:: Supplied records
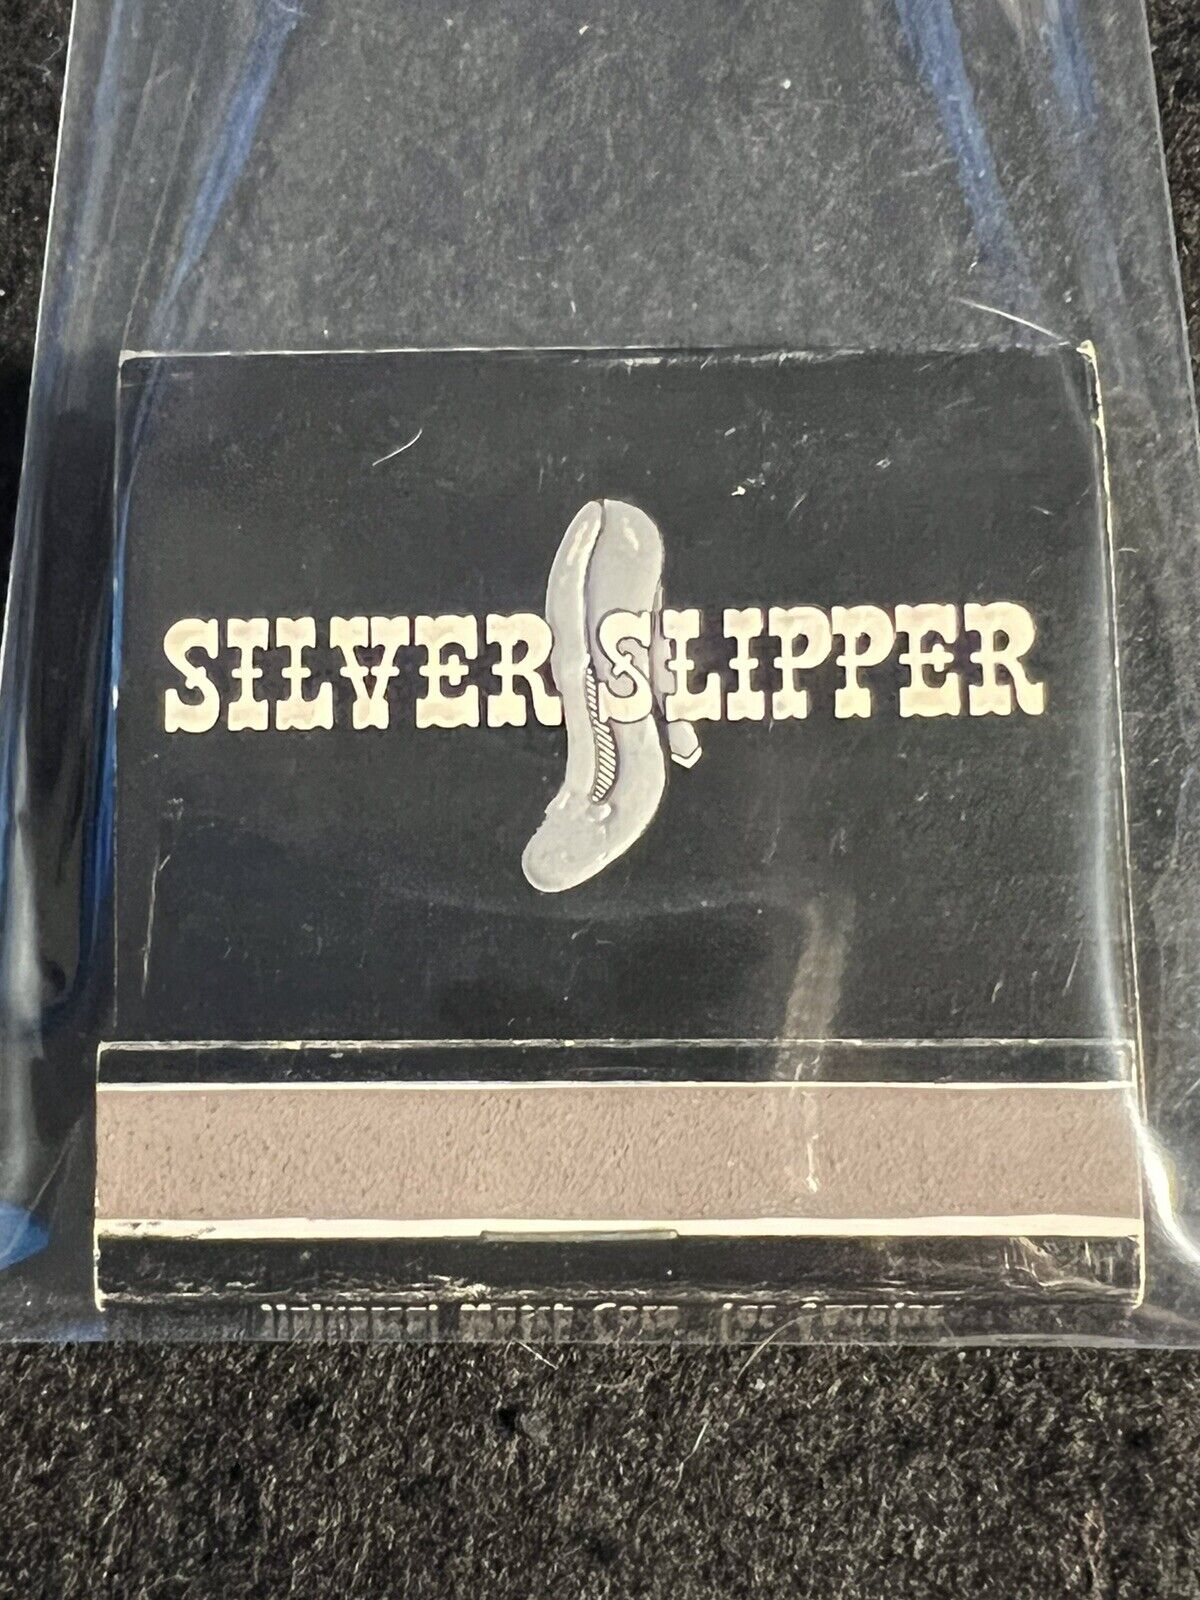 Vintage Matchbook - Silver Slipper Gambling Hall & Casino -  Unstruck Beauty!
::::
:: Supplied records
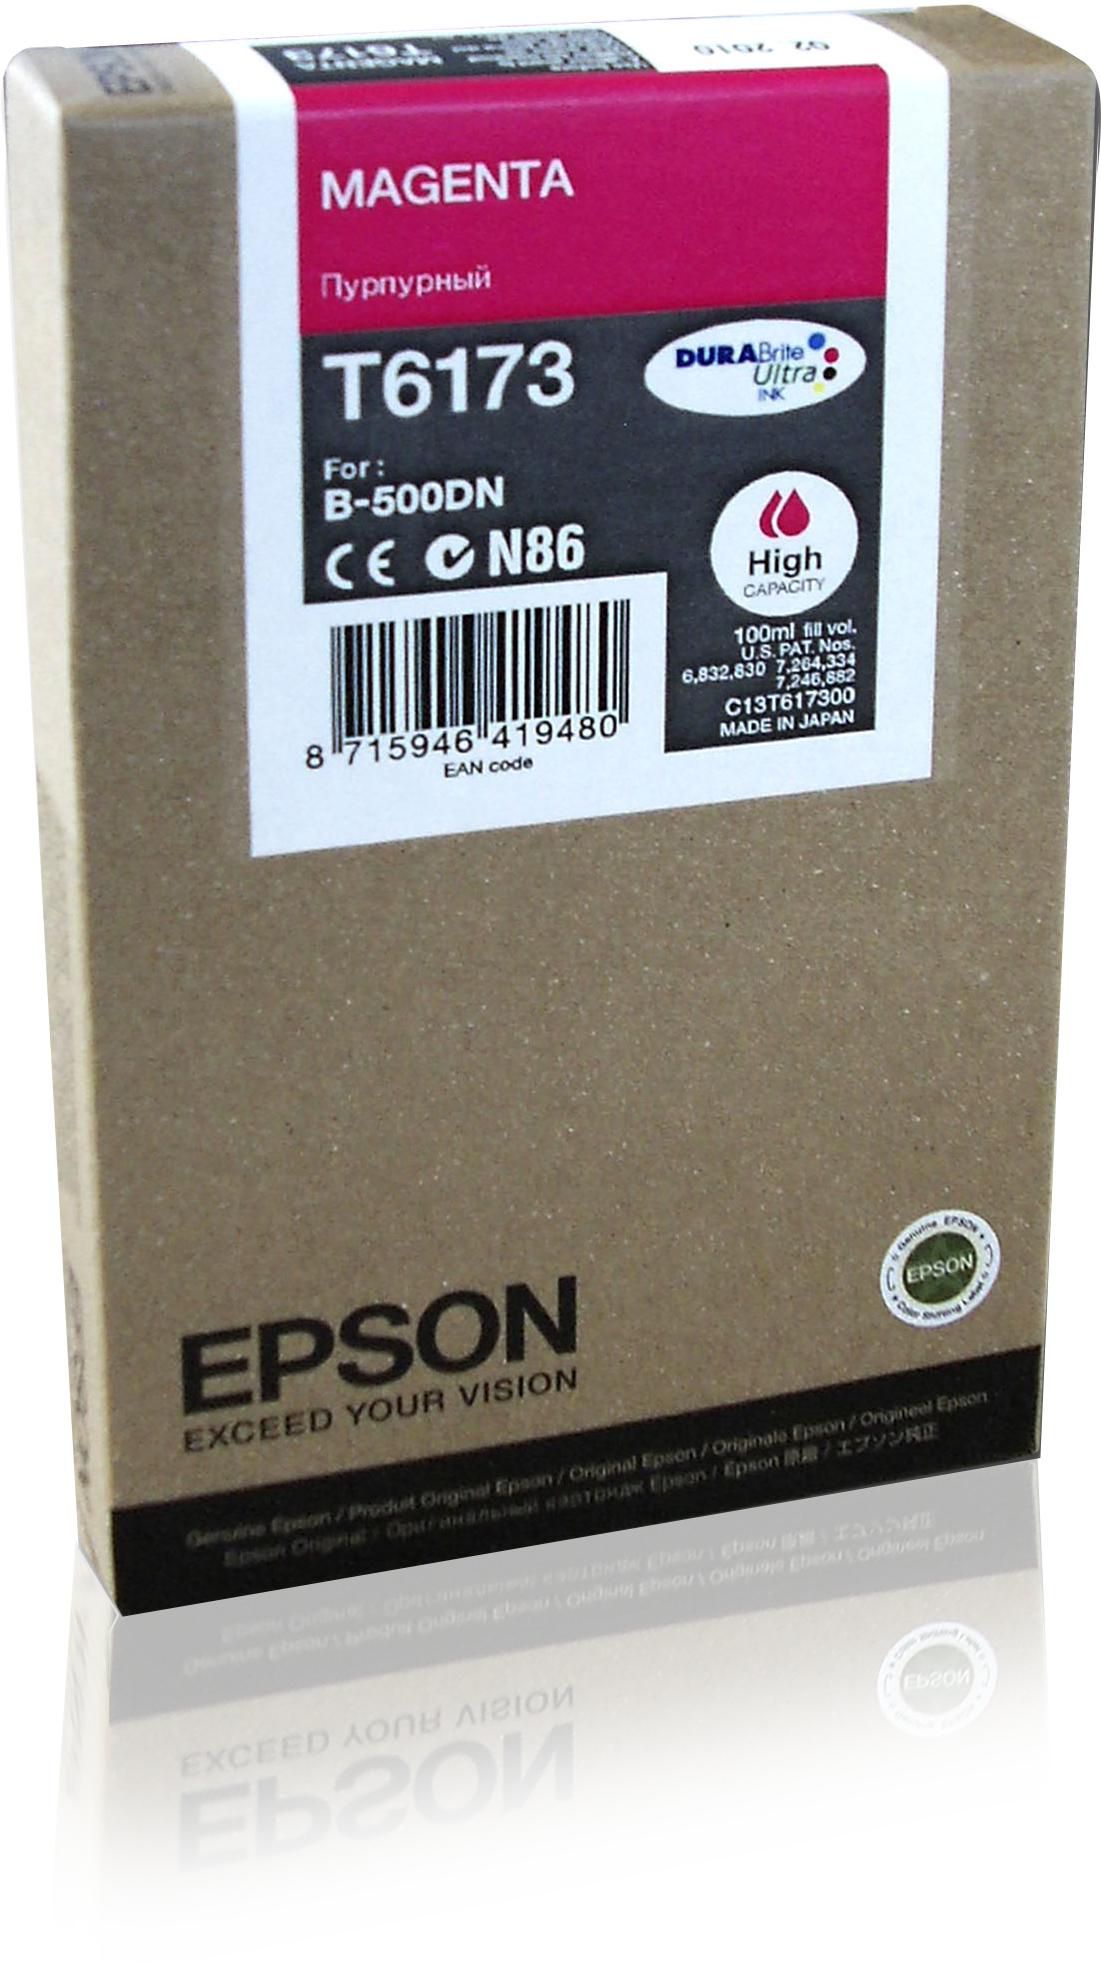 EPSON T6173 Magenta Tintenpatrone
::::
:: Supplied records
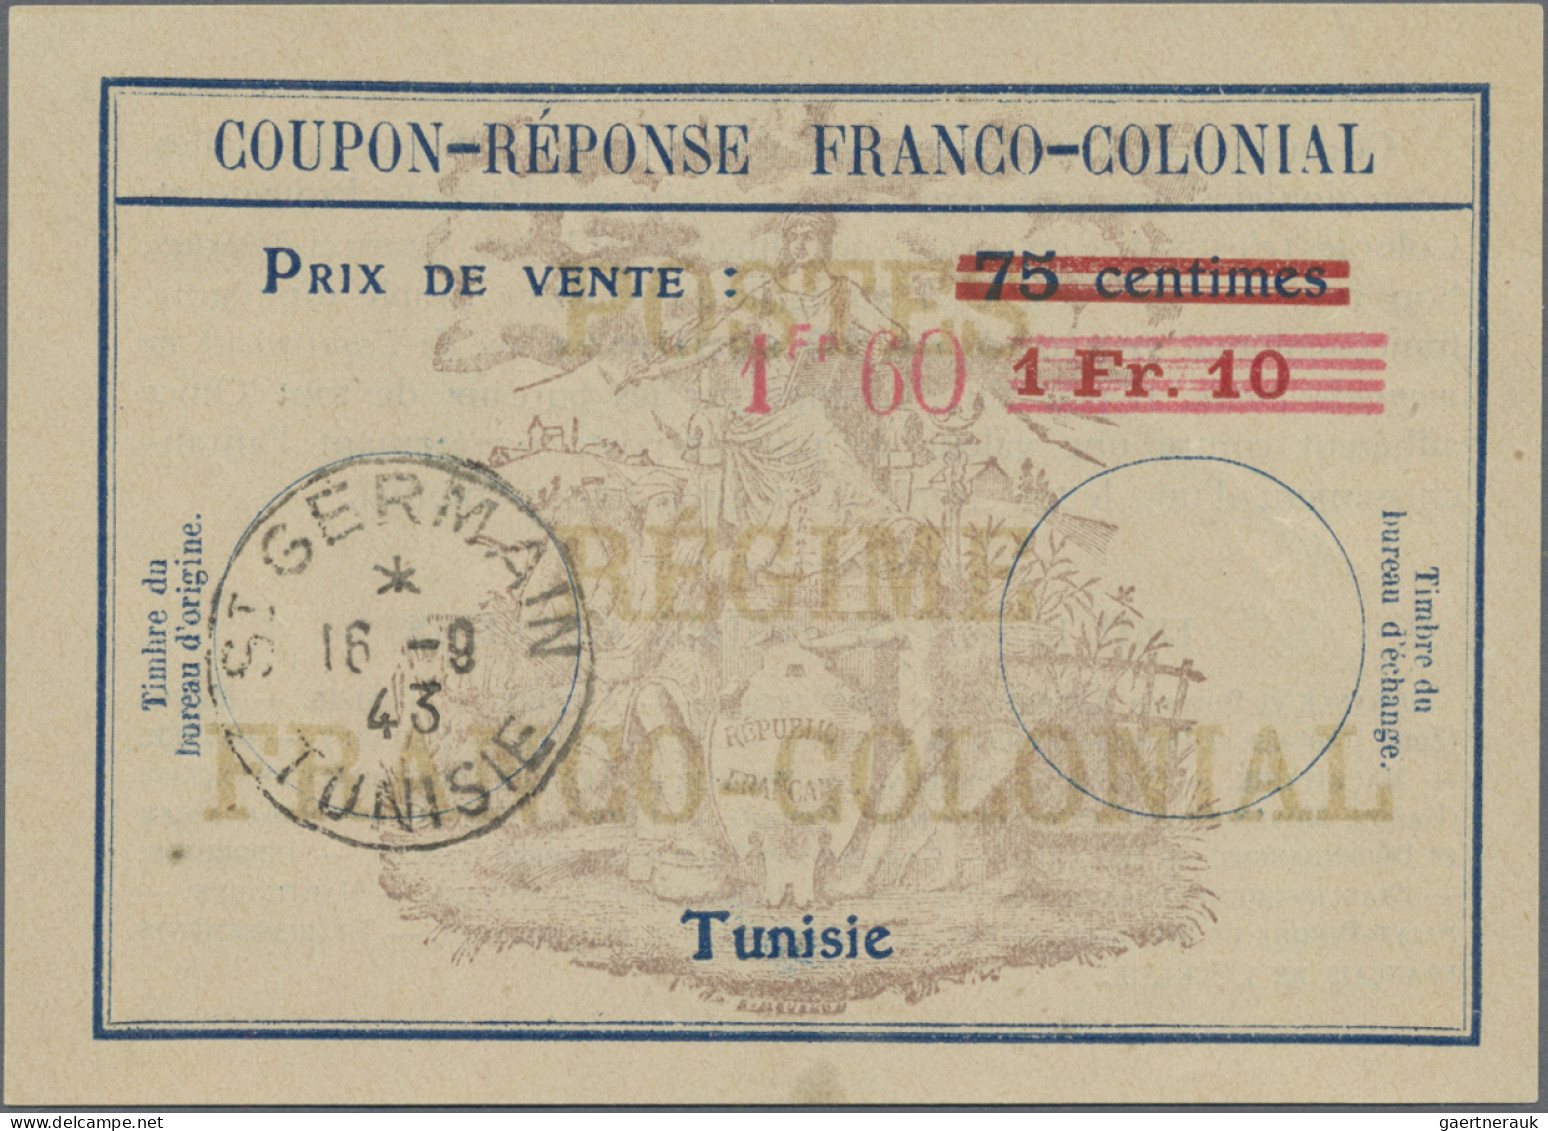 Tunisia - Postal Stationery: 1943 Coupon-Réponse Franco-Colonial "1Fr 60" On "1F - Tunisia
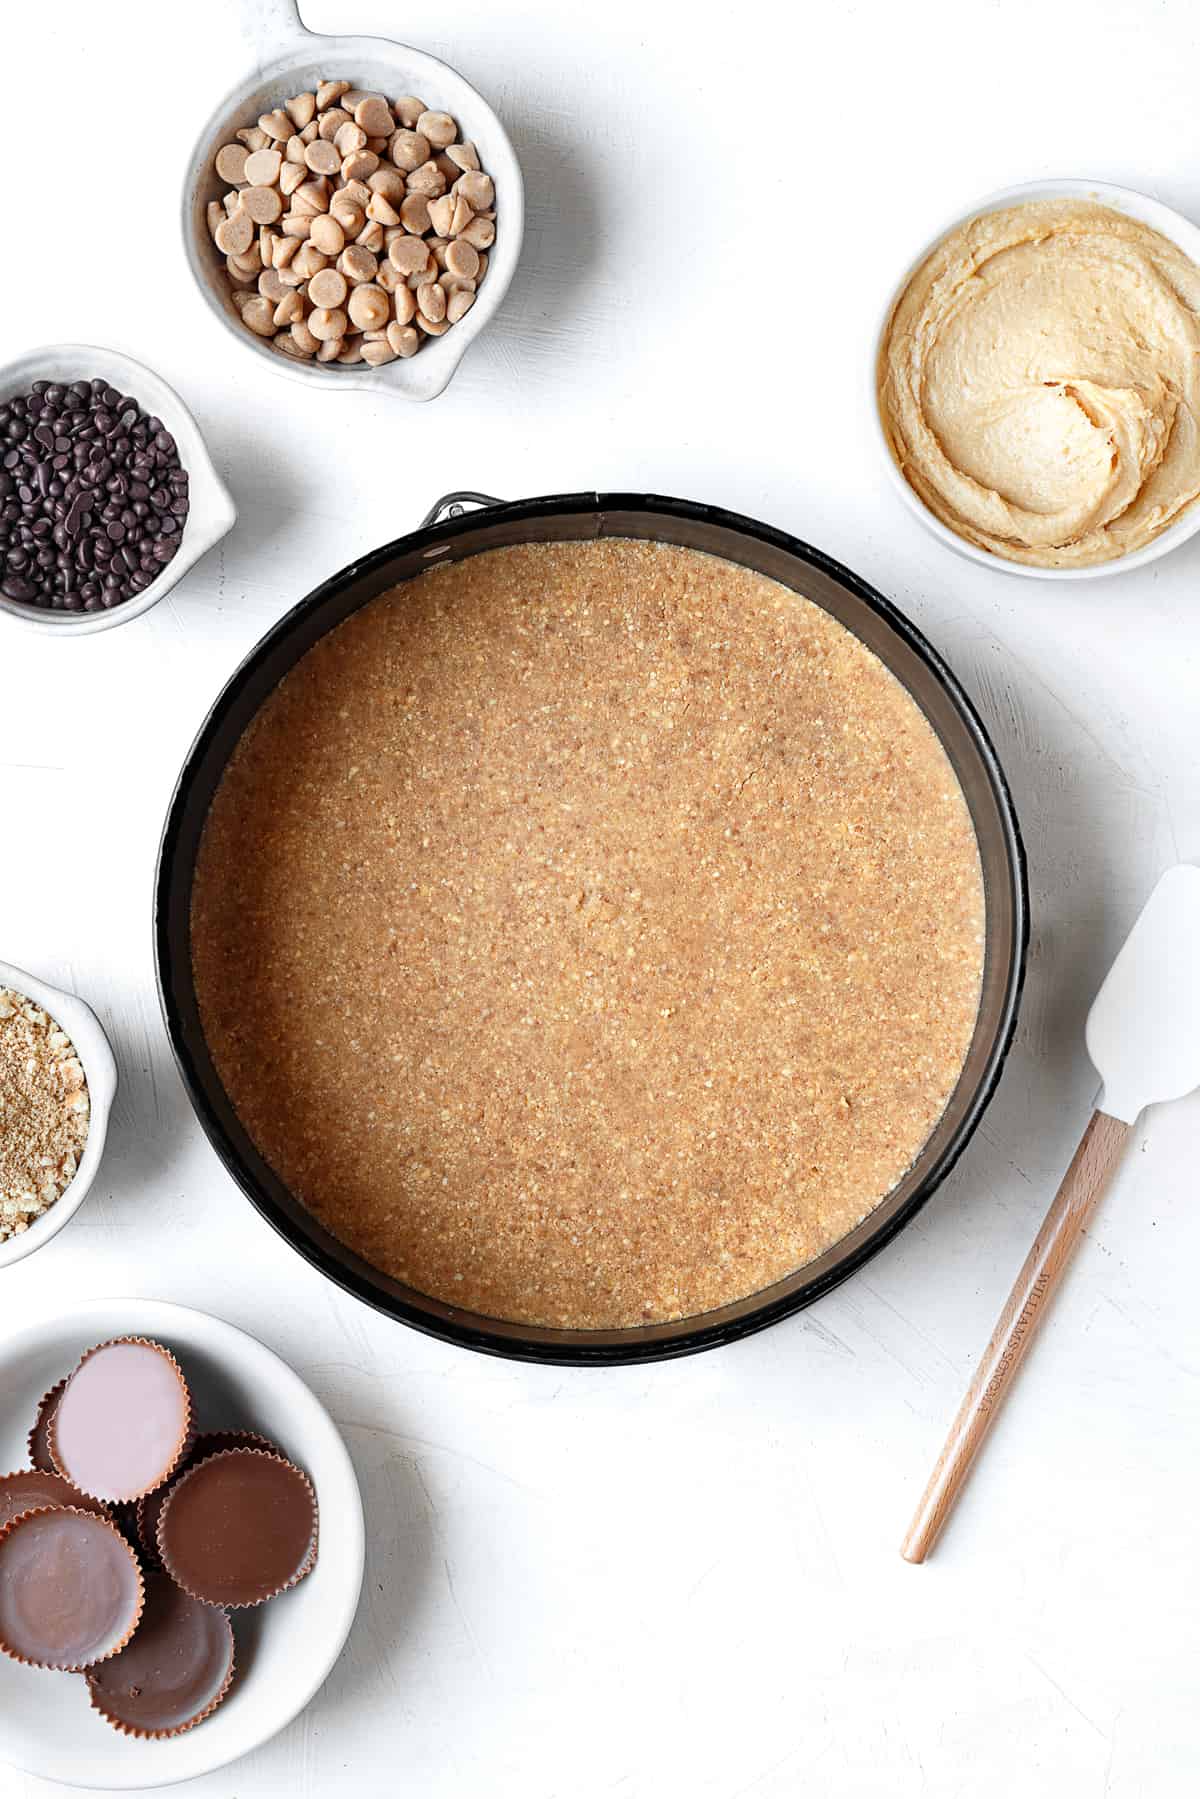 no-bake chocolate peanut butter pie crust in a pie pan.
::::
Starting with the line that has "Tunisia - Postal" and ending with the line that has "no-bake chocolate peanut", repeat the lines above exactly, omitting every picture.

 Tunisia - Postal Stationery: 1943 Coupon-Réponse Franco-Colonial "1Fr 60" On "1F - Tunisia
 no-bake chocolate peanut butter pie crust in a pie pan.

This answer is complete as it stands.